Work to be completed
Output each entry verbatim.

Source material below:

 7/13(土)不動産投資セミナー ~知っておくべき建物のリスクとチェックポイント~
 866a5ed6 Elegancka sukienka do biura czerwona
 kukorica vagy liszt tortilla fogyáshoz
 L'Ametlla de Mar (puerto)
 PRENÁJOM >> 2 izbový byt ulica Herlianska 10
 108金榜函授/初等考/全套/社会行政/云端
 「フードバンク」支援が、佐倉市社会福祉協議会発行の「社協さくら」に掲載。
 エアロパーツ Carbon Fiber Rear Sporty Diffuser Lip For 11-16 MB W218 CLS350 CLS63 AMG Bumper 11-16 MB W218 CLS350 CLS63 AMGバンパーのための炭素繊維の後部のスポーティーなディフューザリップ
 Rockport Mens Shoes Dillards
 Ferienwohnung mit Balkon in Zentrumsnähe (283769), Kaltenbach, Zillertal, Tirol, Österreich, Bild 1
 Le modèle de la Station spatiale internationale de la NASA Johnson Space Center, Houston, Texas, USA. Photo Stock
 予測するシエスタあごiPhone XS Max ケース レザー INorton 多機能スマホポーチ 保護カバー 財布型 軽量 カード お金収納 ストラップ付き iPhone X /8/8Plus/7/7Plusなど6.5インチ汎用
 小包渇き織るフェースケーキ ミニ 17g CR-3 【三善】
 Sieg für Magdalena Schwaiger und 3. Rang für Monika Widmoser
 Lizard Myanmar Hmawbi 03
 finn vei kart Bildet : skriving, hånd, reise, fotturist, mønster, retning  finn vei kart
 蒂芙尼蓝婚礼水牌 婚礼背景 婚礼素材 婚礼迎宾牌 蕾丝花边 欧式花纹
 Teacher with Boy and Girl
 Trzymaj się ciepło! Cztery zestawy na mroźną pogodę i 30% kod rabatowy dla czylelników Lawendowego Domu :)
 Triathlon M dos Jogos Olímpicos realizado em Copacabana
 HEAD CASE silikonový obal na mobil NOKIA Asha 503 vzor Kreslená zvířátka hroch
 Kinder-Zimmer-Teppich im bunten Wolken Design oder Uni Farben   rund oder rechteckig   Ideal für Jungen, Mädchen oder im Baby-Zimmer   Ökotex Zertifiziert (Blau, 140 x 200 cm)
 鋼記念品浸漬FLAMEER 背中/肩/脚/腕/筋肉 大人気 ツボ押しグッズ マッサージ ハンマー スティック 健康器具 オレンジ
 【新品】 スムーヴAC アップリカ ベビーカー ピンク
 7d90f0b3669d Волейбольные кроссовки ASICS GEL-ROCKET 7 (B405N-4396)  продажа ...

End of Source material.

Exercise solution
 7/13(土)不動産投資セミナー ~知っておくべき建物のリスクとチェックポイント~
 866a5ed6 Elegancka sukienka do biura czerwona
 kukorica vagy liszt tortilla fogyáshoz
 L'Ametlla de Mar (puerto)
 PRENÁJOM >> 2 izbový byt ulica Herlianska 10
 108金榜函授/初等考/全套/社会行政/云端
 「フードバンク」支援が、佐倉市社会福祉協議会発行の「社協さくら」に掲載。
 エアロパーツ Carbon Fiber Rear Sporty Diffuser Lip For 11-16 MB W218 CLS350 CLS63 AMG Bumper 11-16 MB W218 CLS350 CLS63 AMGバンパーのための炭素繊維の後部のスポーティーなディフューザリップ
 Rockport Mens Shoes Dillards
 Ferienwohnung mit Balkon in Zentrumsnähe (283769), Kaltenbach, Zillertal, Tirol, Österreich, Bild 1
 Le modèle de la Station spatiale internationale de la NASA Johnson Space Center, Houston, Texas, USA. Photo Stock
 予測するシエスタあごiPhone XS Max ケース レザー INorton 多機能スマホポーチ 保護カバー 財布型 軽量 カード お金収納 ストラップ付き iPhone X /8/8Plus/7/7Plusなど6.5インチ汎用
 小包渇き織るフェースケーキ ミニ 17g CR-3 【三善】
 Sieg für Magdalena Schwaiger und 3. Rang für Monika Widmoser
 Lizard Myanmar Hmawbi 03
 finn vei kart Bildet : skriving, hånd, reise, fotturist, mønster, retning  finn vei kart
 蒂芙尼蓝婚礼水牌 婚礼背景 婚礼素材 婚礼迎宾牌 蕾丝花边 欧式花纹
 Teacher with Boy and Girl
 Trzymaj się ciepło! Cztery zestawy na mroźną pogodę i 30% kod rabatowy dla czylelników Lawendowego Domu :)
 Triathlon M dos Jogos Olímpicos realizado em Copacabana
 HEAD CASE silikonový obal na mobil NOKIA Asha 503 vzor Kreslená zvířátka hroch
 Kinder-Zimmer-Teppich im bunten Wolken Design oder Uni Farben   rund oder rechteckig   Ideal für Jungen, Mädchen oder im Baby-Zimmer   Ökotex Zertifiziert (Blau, 140 x 200 cm)
 鋼記念品浸漬FLAMEER 背中/肩/脚/腕/筋肉 大人気 ツボ押しグッズ マッサージ ハンマー スティック 健康器具 オレンジ
 【新品】 スムーヴAC アップリカ ベビーカー ピンク
 7d90f0b3669d Волейбольные кроссовки ASICS GEL-ROCKET 7 (B405N-4396)  продажа ...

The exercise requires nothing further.